We are now editing the one month long photos from Etosha & will then work on the the two weeks we spent in the Kalahari.

This is our 9th year of these long trips & although many sites & scenes are the same it is wonderful what amazing moments just keep exploding when least expected to reward the many hours sitting & waiting.


----------



## Click (Nov 14, 2015)

*Re: 2015 Africaraw selfdrive photosafari picture now on line*

Beautiful series, I especially like the first picture.
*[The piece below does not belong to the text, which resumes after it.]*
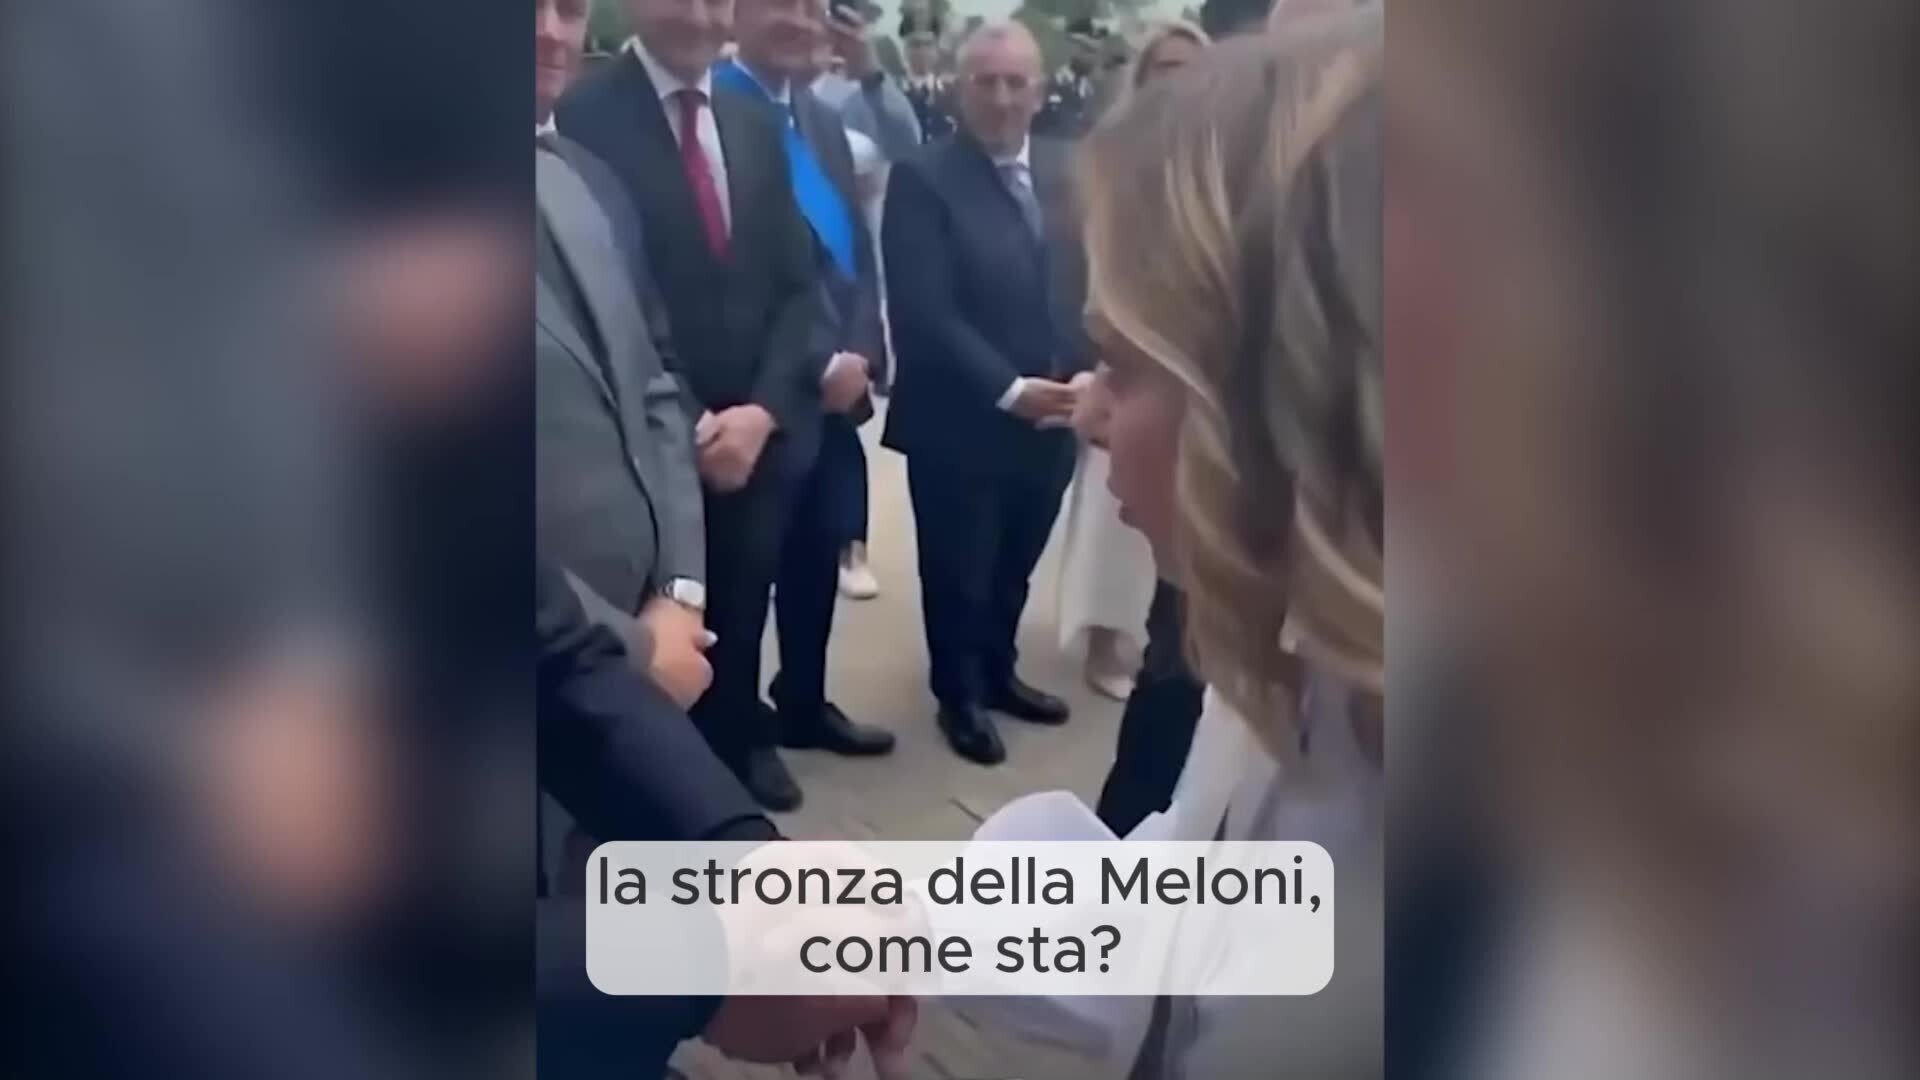 "La stron.. della Meloni": il saluto della premier a De Luca

Well done.


----------



## lion rock (Nov 14, 2015)

Adventurers,
Congrads on a great trip!
Great photos, too.
-r


----------



## FEBS (Nov 18, 2015)

Great photos

I do specially like the 4th (wild dog) as I know how hard it is to catch them. Last year I was able to see them in a conservation in Zimbabwe in the Hwange National Park. By the way, very close to the lodge Sable Sand runned by Marleen Post who married Brian Sabeta from Zimbabwe. Marleen is also from The Netherlands.

So the wild dog is still on my list to photograph in the wild.
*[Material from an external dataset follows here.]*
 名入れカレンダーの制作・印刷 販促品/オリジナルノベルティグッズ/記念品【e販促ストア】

I did visit Uganda this year. I easily could stay over there for 4 weeks or more. If you want to have an impression look at https://francoisloyens.smugmug.com/Project/Oeganda/


----------



## oldageadventurer (Jan 11, 2016)

* 2015 Africaraw selfdrive photosafari gallery update*

Thanks for the kind comments on the 2015 photos from the Kruger park. I today completed our Etosha portfolio for the 2015 trip. There are 273 photographs, including many action shots & also landscapes, taken during our 6 week stay at Namutoni, Halali, OkauKuejo, & Olifantsrus. As usual most of our photos were taken in the Namutoni are but for the first time we visited Olifantsrus camp, which opened for self drive tourists last year. We found the rocky & hilly area on the west of the park fascinating & an interesting change, & are thus visiting it again in 2016.

www.africaraw.com


----------



## rcarca (Jan 11, 2016)

I love the website. Great photographs.

An example I would love to follow when I can!!!

Richard


----------



## jrda2 (Jan 11, 2016)

Great shot of the kingfisher with the sunburst on his beak


----------



## snowleo (Jan 16, 2016)

What a dream! 3 Months of traveling and photography in Southern Africa! I wish I could do that, too. I was just happy, very happy to spend 5 weeks (only... sniff...) in Botswana and Namibia in April/May 2014. Here some of my shots


----------



## Click (Jan 16, 2016)

snowleo said:


> What a dream! 3 Months of traveling and photography in Southern Africa! I wish I could do that, too. I was just happy, very happy to spend 5 weeks (only... sniff...) in Botswana and Namibia in April/May 2014. Here some of my shots



Very nice. I really like the 3rd picture. Well done.


----------



## snowleo (Jan 16, 2016)

and here some photos taken in Etosha National Park, Namibia


----------



## MrFotoFool (Mar 6, 2016)

Great stuff from both oldageadventure and snowleo. Since I will probably never make it to Africa myself, I enjoy "visiting" through the photos of others. That mostly black zebra is bizarre looking. And the way snowleo lined up the large bird with the moon is amazing! Is it a marabou stork?


----------



## Click (Mar 6, 2016)

snowleo said:


> and here some photos taken in Etosha National Park, Namibia




Beautiful series. I especially like the last picture.


----------



## KavinAnderson (Mar 28, 2016)

Terrific shots well composed. Thanks for sharing.


----------